### Source data
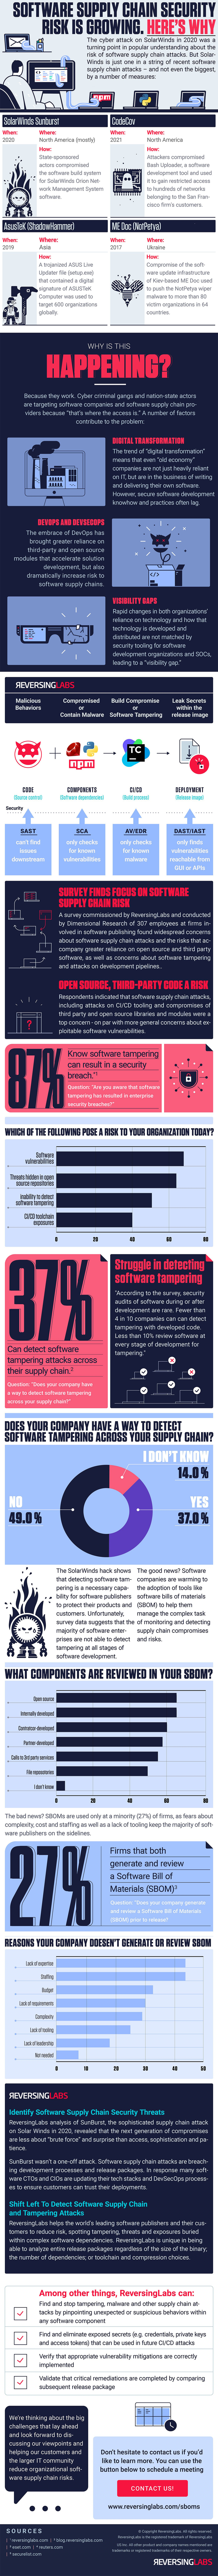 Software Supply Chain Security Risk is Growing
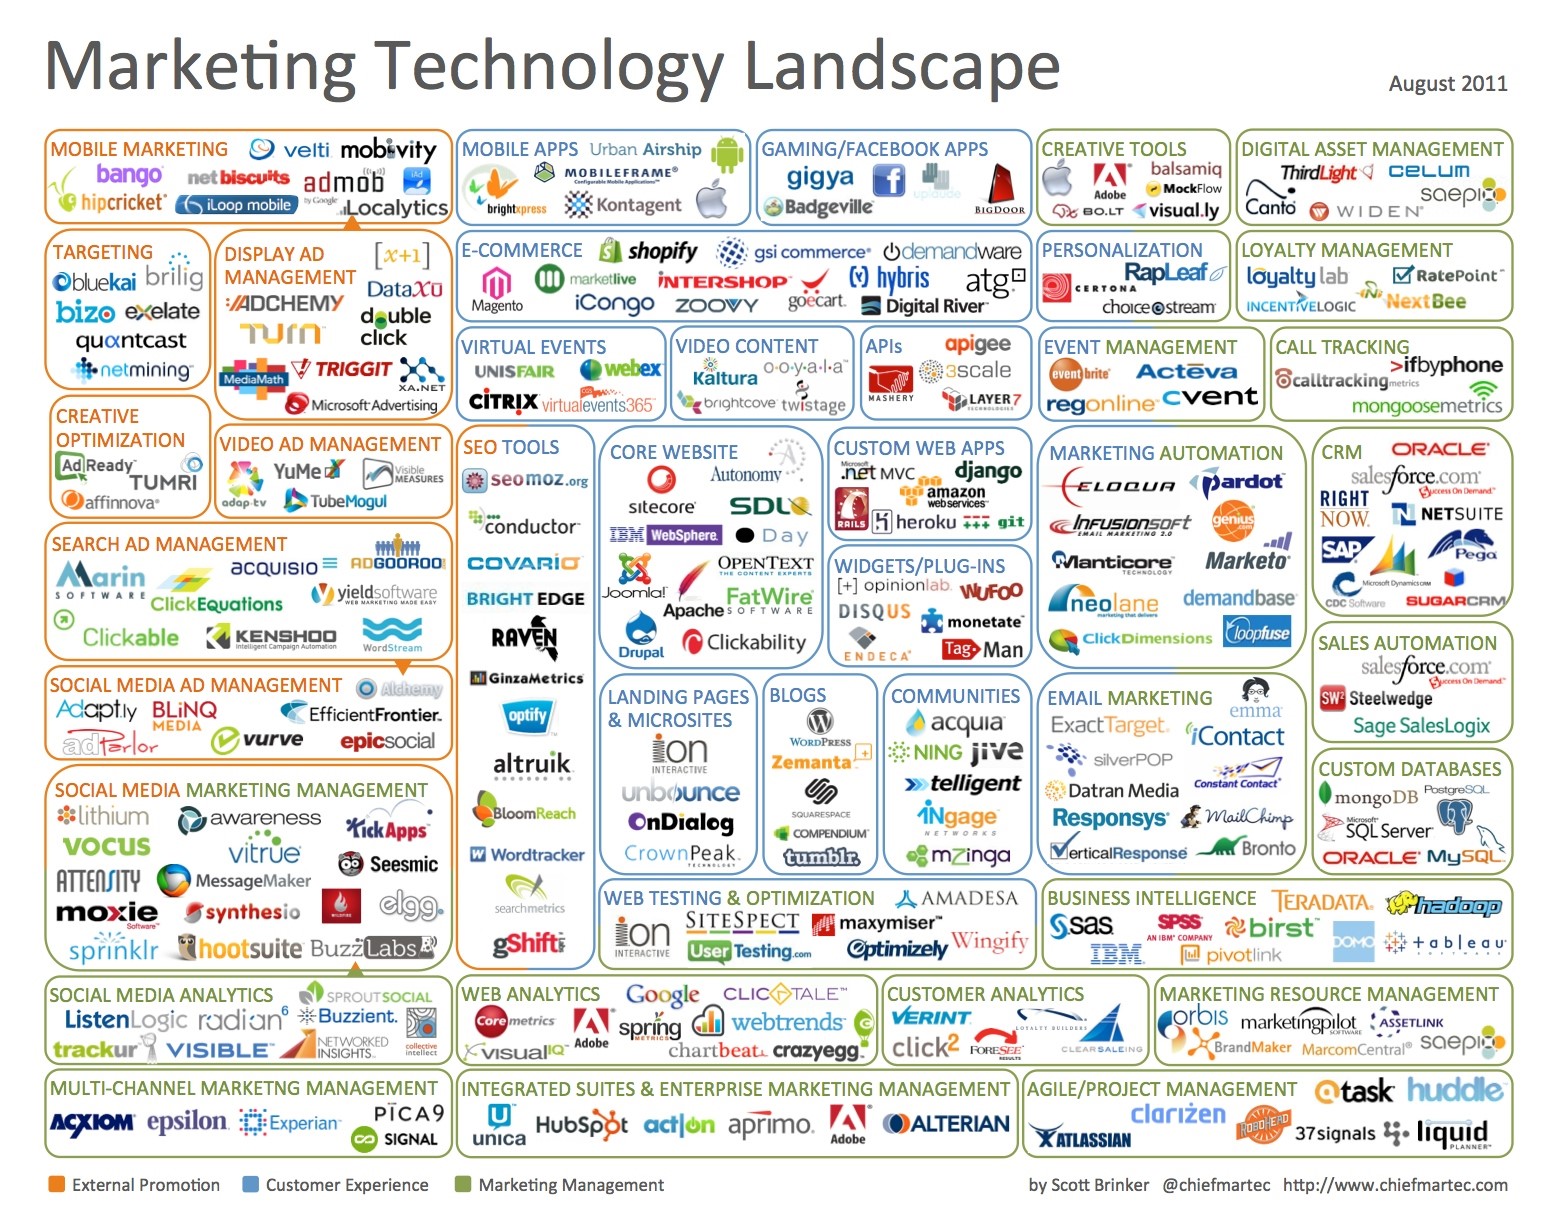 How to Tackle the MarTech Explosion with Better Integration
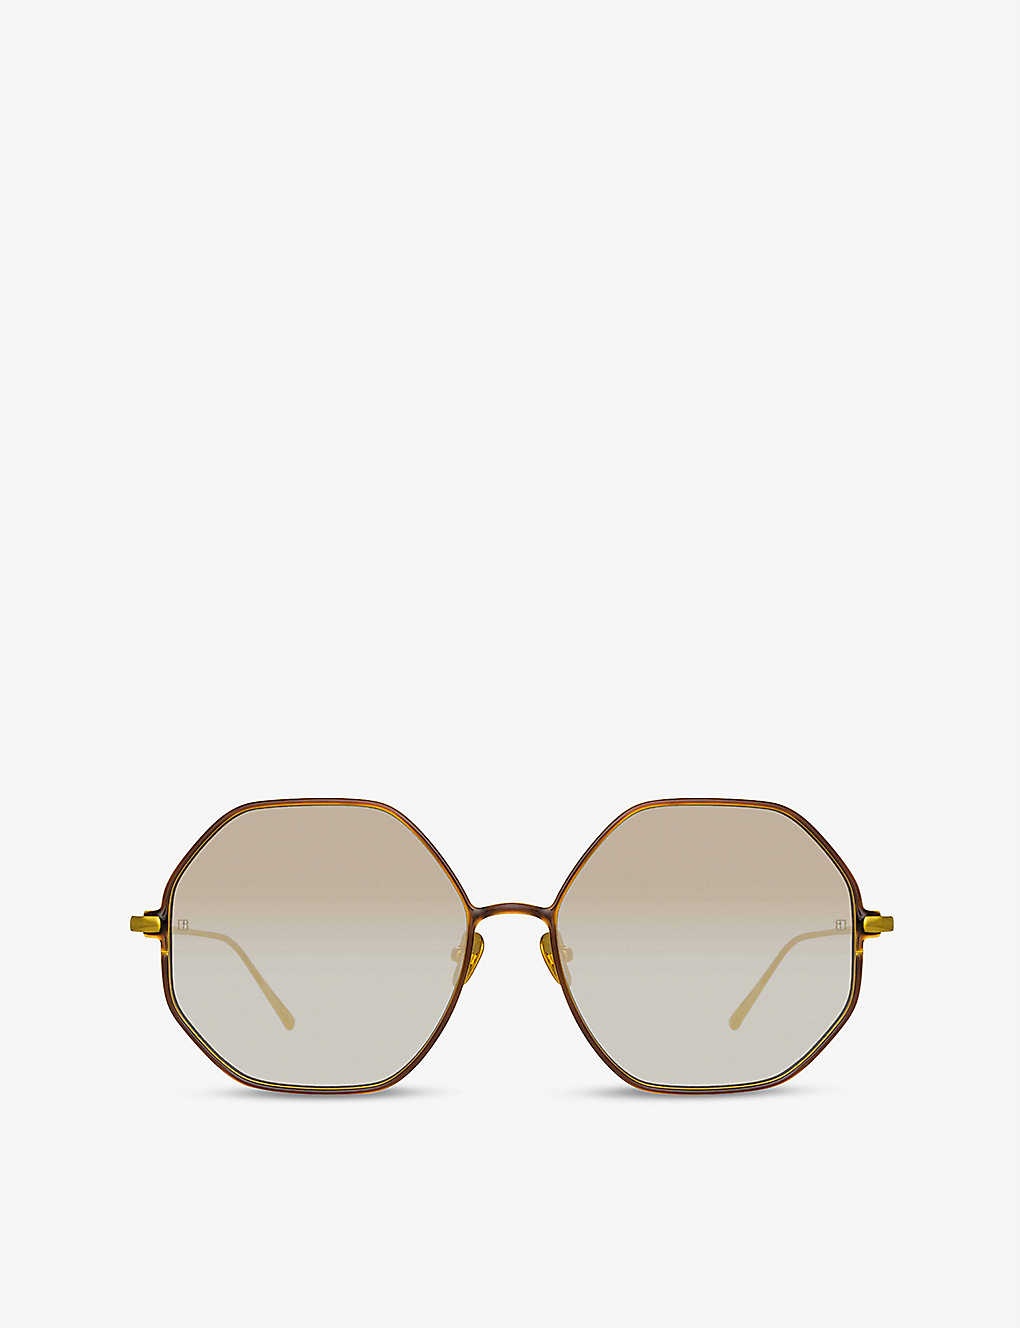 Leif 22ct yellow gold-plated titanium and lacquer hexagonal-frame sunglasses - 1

### Exercise
Word for word, restate all of the material above except its pictures.

### Solved exercise
 Software Supply Chain Security Risk is Growing
 How to Tackle the MarTech Explosion with Better Integration
 Leif 22ct yellow gold-plated titanium and lacquer hexagonal-frame sunglasses - 1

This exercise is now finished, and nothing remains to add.